This is a list of rivers of the Czech Republic.

==Naming conventions==
Czech language distinguishes between large (river; in Czech řeka) and small (stream, creek, brook; in Czech potok) watercourses. River names are mostly self-standing one-word nouns. Stream names often consist of two words because they contain an adjective (usually stemming from physical properties (e.g. Černý potok – "black stream"), usage (e.g. Mlýnský potok – "mill stream") or derived from the location through which it flows (e.g. Rakovnický potok – "Rakovník stream"). These two-word names form an inseparable whole.

==Main rivers==
While the Elbe is the longest Czech-related river when measured through its overall length (i.e. including its lower course in Germany), its tributary the Vltava surpasses it as the longest river within the territory of the Czech Republic itself. (In fact the Vltava also carries more water than the Elbe at their confluence.)
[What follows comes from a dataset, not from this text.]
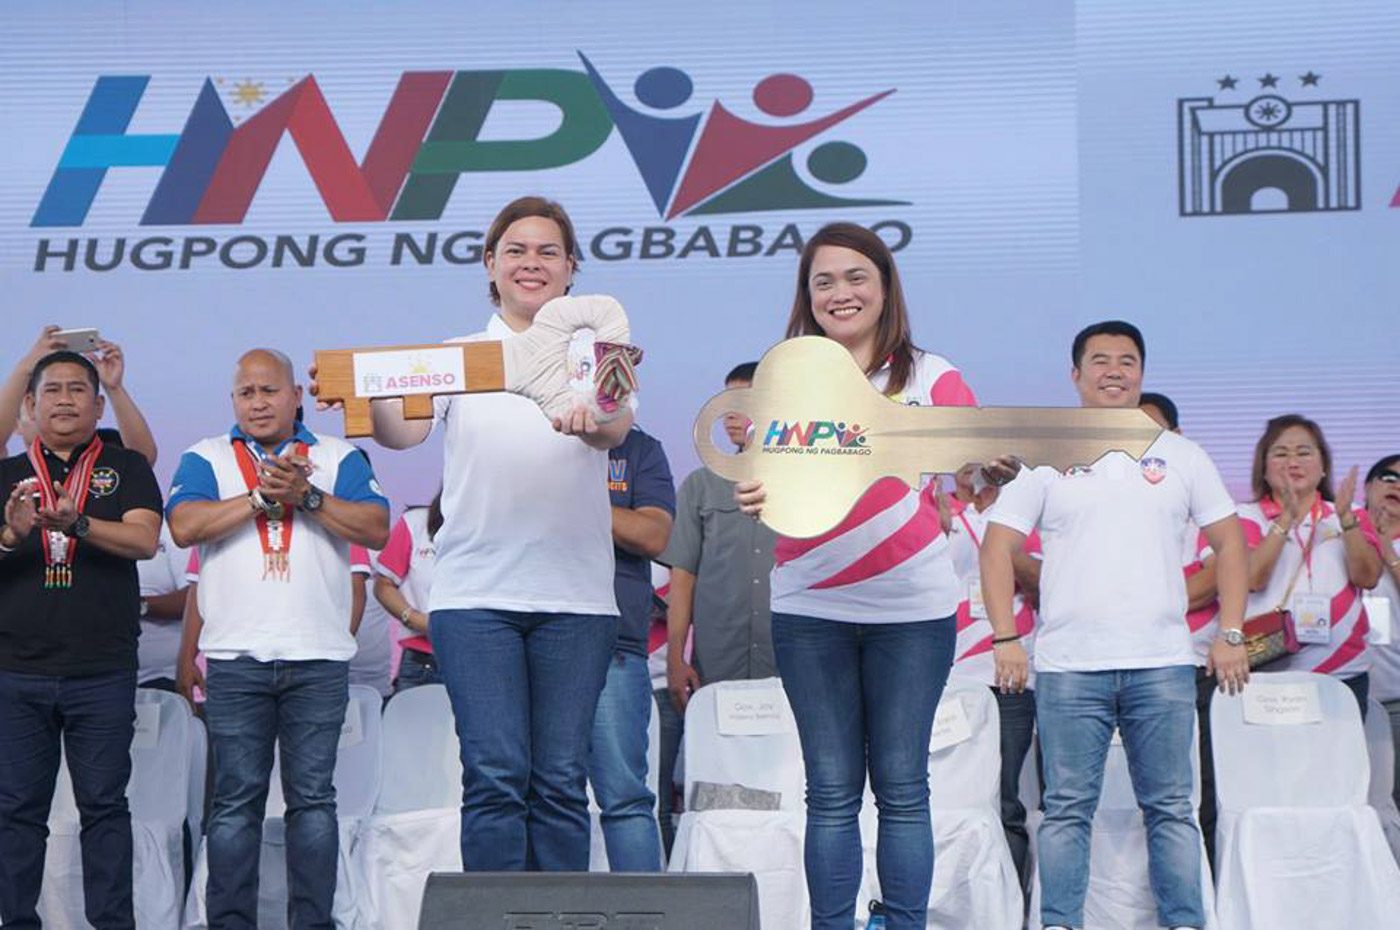 Sara Duterte’s Hugpong joins forces with Abra’s Asenso party

| Rank | River | Length within the CR (km) | Avg. discharge (m³/s) | Total basin (km^{2}) | Tributary to | Mouth location |
|---|---|---|---|---|---|---|
| 1 | Vltava (+Teplá Vltava) | 431 | 151 | 28,090 | Elbe | Mělník |
| 2 | Elbe | 370 | 308 | 144,055 | North Sea | Cuxhaven (Germany) |
| 3 | Morava | 269 | 65 | 26,658 | Danube | Bratislava (Slovakia) |
| 4 | Ohře | 256 | 38 | 5,606 | Elbe | Litoměřice |
| 5 | Berounka (+Mže) | 242 | 36 | 8,854 | Vltava | Prague |
| 6 | Sázava | 225 | 25 | 4,350 | Vltava | Davle |
| 7 | Thaya | 196 | 44 | 13,419 | Morava | Lanžhot |
| 8 | Jihlava | 181 | 12 | 2,997 | Svratka | Ivaň |
| 9 | Svratka | 174 | 15 | 7,119 | Thaya | Pouzdřany |
| 10 | Jizera | 167 | 24 | 2,193 | Elbe | Lázně Toušeň |
| 11 | Lužnice | 158 | 24 | 4,235 | Vltava | Hosty |
| 12 | Oder | 136 | 48 | 118,861 | Baltic Sea | Świnoujście (Poland) |
| 13 | Otava (+Vydra) | 135 | 26 | 3,827 | Vltava | Zvíkovské Podhradí |
| 14 | Orlice (+Divoká Orlice) | 129 | 22 | 2,036 | Elbe | Hradec Králové |
| 15 | Opava (+Černá Opava) | 129 | 18 | 2,089 | Oder | Ostrava |
| 16 | Bečva (+Vsetínská Bečva) | 120 | 18 | 1,626 | Morava | Troubky |
| 17 | Radbuza | 110 | 11 | 2,182 | Berounka | Plzeň |
| 18 | Chrudimka | 106 | 6 | 866 | Elbe | Pardubice |
| 19 | Úhlava | 104 | 6 | 908 | Radbuza | Plzeň |
| 20 | Želivka (+Hejlovka) | 104 | 4 | 1,188 | Sázava | Soutice |
| 21 | Tichá Orlice | 102 | 7 | 756 | Orlice | Žďár nad Orlicí |
| 22 | Střela | 102 | 3 | 922 | Berounka | Liblín |
| 23 | Ploučnice | 101 | 8 | 1,188 | Elbe | Děčín |
| 24 | Oslava | 101 | 3 | 867 | Jihlava | Ivančice |
| 25 | Moravice | 101 | 8 | 900 | Opava | Opava |

==Hierarchical list==
This is a hierarchical list that includes all watercourses whose length within the territory of the Czech Republic is at least 20.0 km

===Rivers flowing to the North Sea (Elbe basin)===

Scheme of principal tributaries and their contribution to average discharge of the Elbe (in m³/s)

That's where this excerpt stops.